Assignment:
Before printing the listing, strip out its pictures and keep everything else exact.

Dataset content:
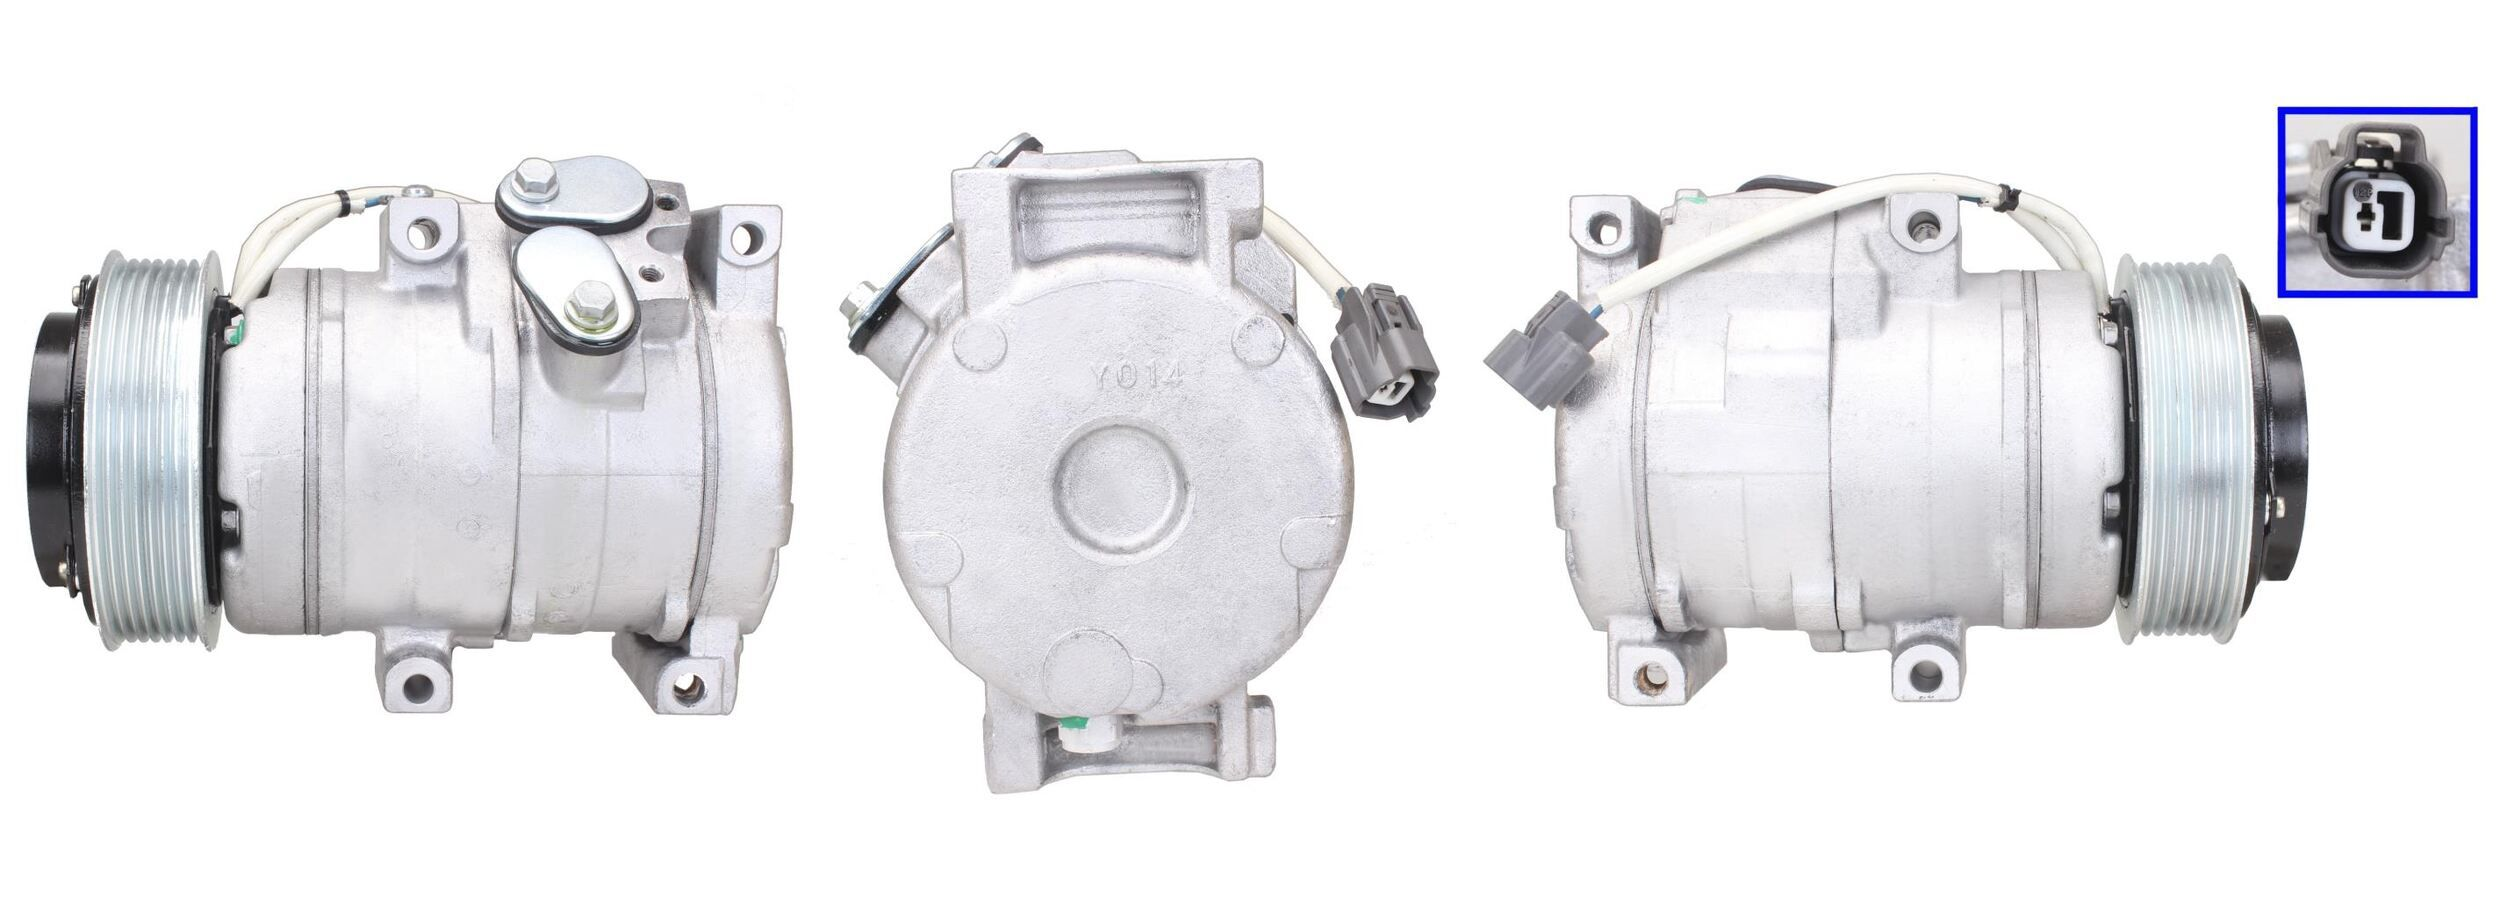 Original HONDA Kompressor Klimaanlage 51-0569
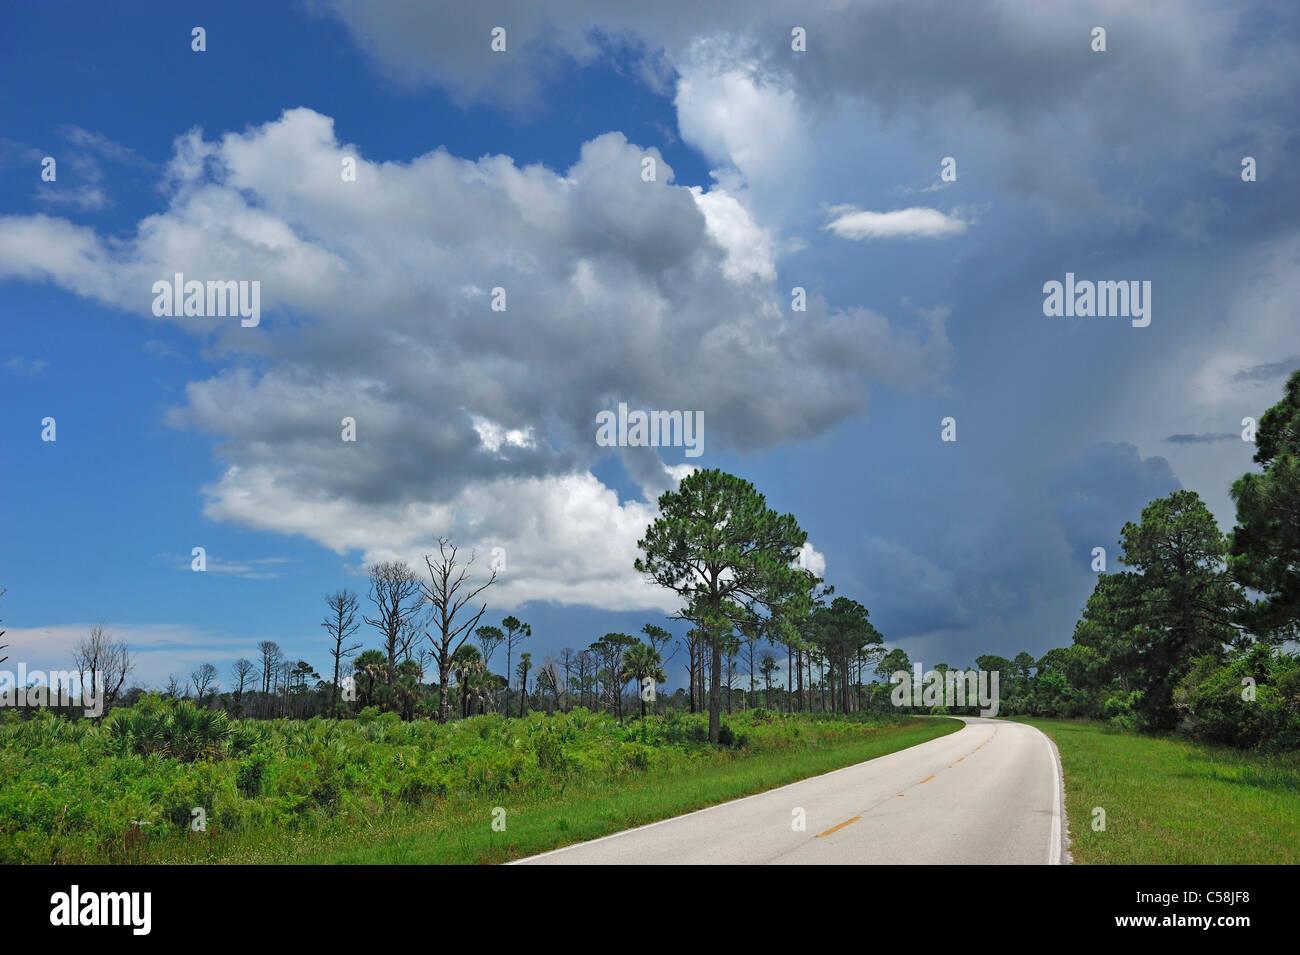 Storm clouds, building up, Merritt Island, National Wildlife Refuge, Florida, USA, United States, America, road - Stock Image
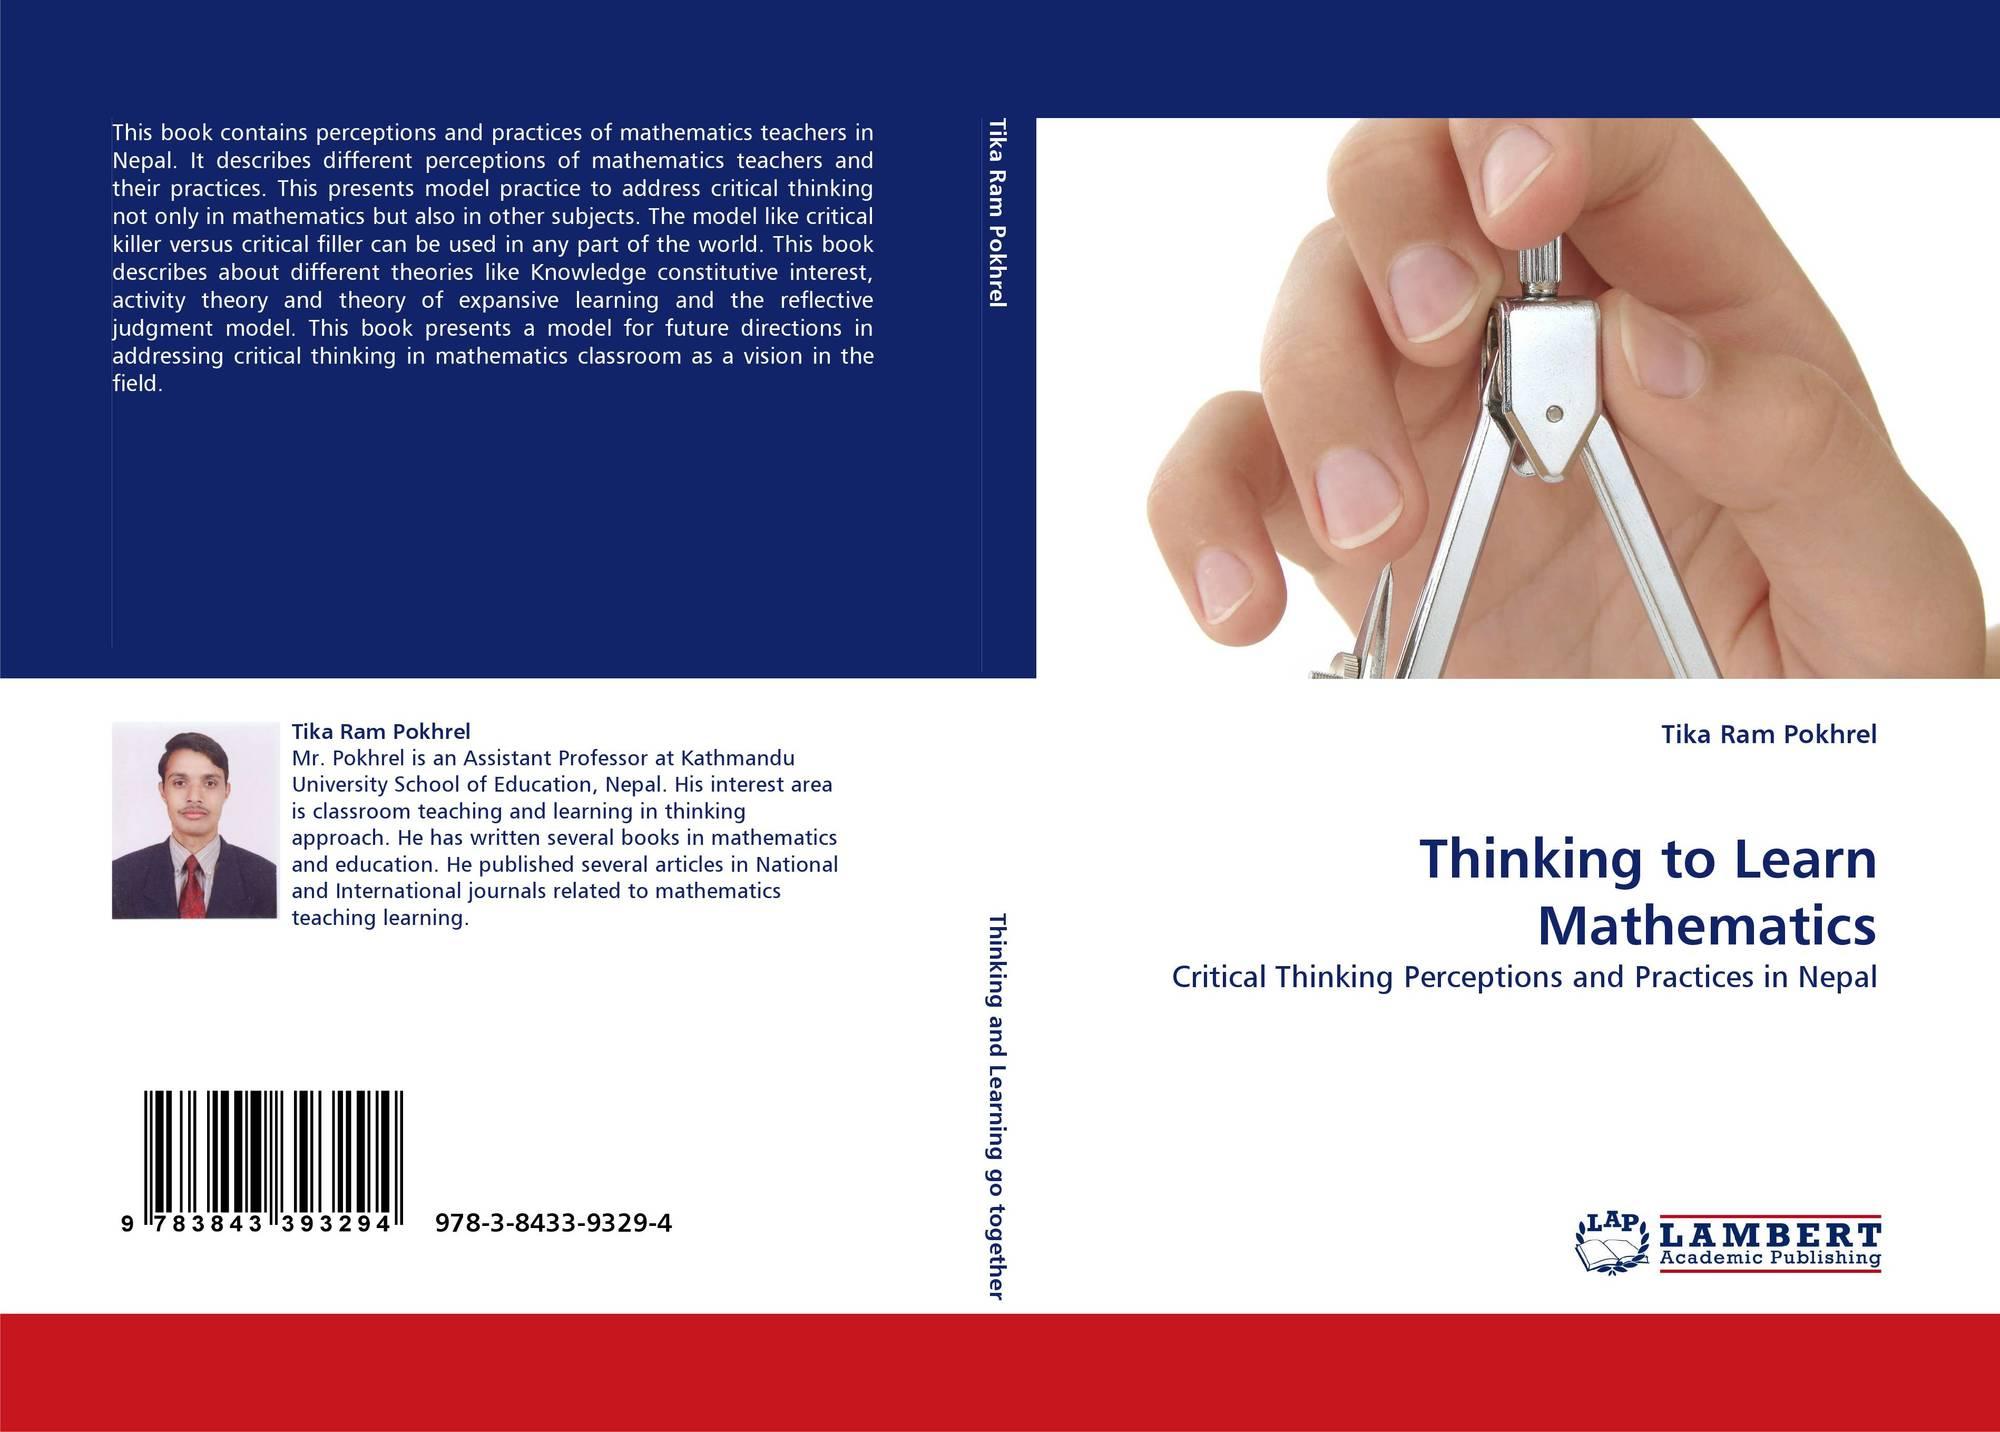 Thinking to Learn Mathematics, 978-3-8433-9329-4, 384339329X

Written answer:
 Original HONDA Kompressor Klimaanlage 51-0569
 Storm clouds, building up, Merritt Island, National Wildlife Refuge, Florida, USA, United States, America, road - Stock Image
 Thinking to Learn Mathematics, 978-3-8433-9329-4, 384339329X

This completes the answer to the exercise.